Trochę się bałam że na końcu efekt będzie opłakany ale razem z mężem wciągnęliśmy po dwa hamburgery a po godzinie wróciliśmy jeszcze z natchosami do guacamole 😉
Super przepis i bardzo fajna strona.
P.S. Ponieważ ja tu pierwszy raz – nie miałam okazji pogratulować zwycięstwa w Masterchefie – gratuluję!!!
witam alicjo!!!
bardzo się cieszę, że mnie znalazłaś, ale jeszcze bardziej się cieszę, że smakują wam moje przepisy!!! 😀 😀 😀
dziękuję za uznanie i gratulacje, życzę wam pięknego wieczoru,
basia
Pani Basiu bardzo fajny przepis mam tylko jedna malenka uwage.Nigdy nie wolno łaczyc ogorkow swiezych z pomidorami bo wtedy zatraca sie cenne witamin.Maja one na siebie takie wlasnie niedobre dzialanie.Jesli laczymy pomidory to tylko z ogorkami kiszonymi albo konserwowymi.Pozdrawiam.
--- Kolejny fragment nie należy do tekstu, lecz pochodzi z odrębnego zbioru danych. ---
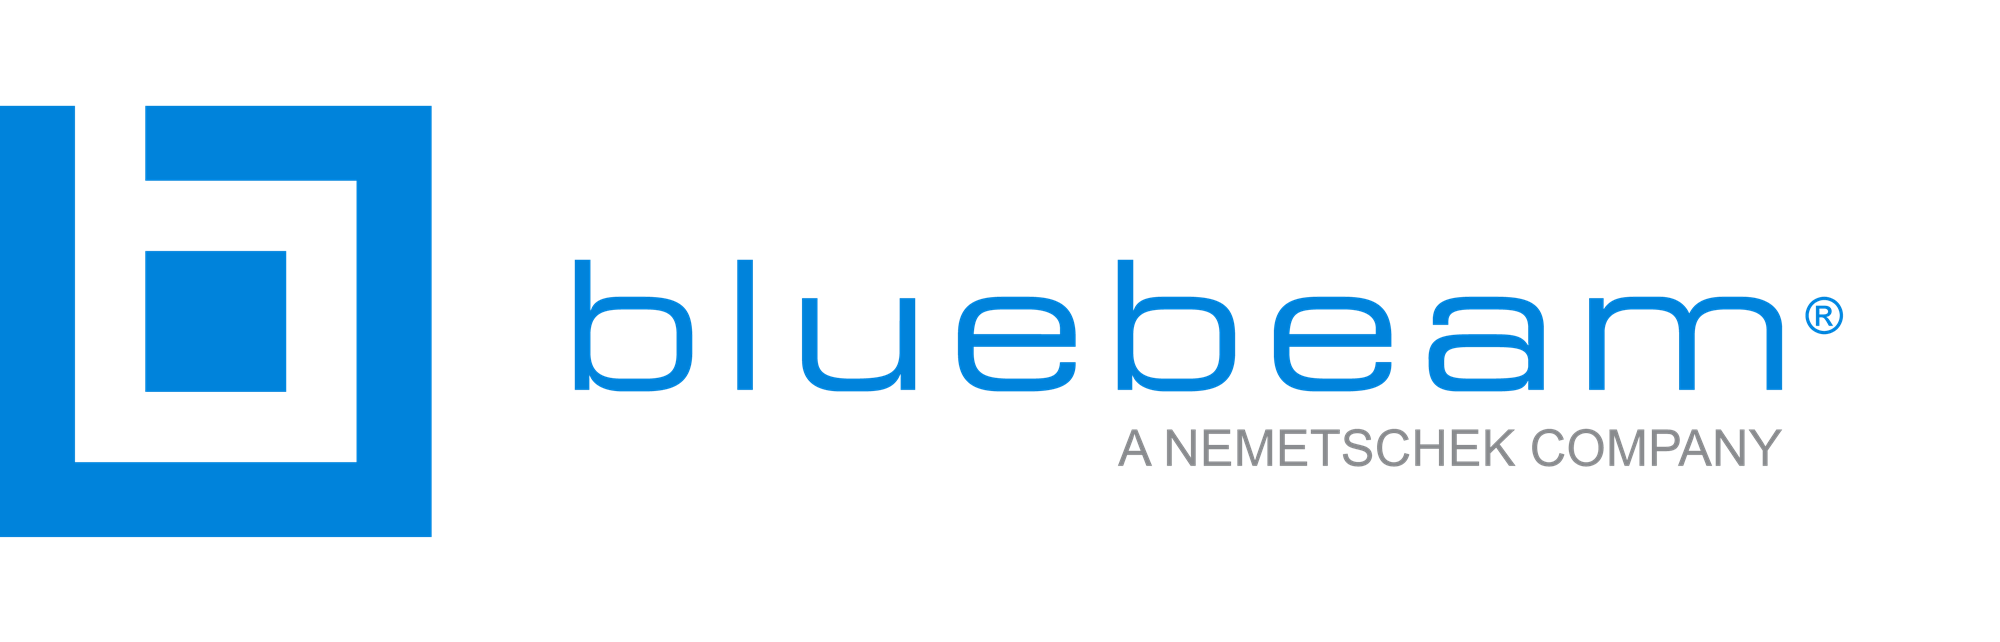 IMGBIN_bluebeam-software-png_29vvxVvS

aniu, dziękuję! nie wiedziałam nawet o tym! muszę ci powiedzieć, że ja osobiście nie lubie połączenia świeżego ogórka ze świeżym pomidorem i unikam tego nawet w sałatach! wytwarza mi się taki metaliczny posmak na języku (to widocznie smak śmierci witamin! 😀 😀 😀 ). dlatego używam do salsy pomidorów z puszki. one są ugotowane…
pozdrawiam cię ciepło, b.
ps. proszę, zwracaj się do mnie na „ty”! 😀
Bedzie premiera na moim stole, moze w tym tygodniu 🙂 Guacamole kocham I za tysiac lat nie wpadlabym na to, zeby skomponowac takiego tex-mexowego hamburgera. Domowy slow fast food, pyyyyycha 🙂
KasiaBa, to super! cieszę się, że mogłam cię zainspirować!! buziaki! b.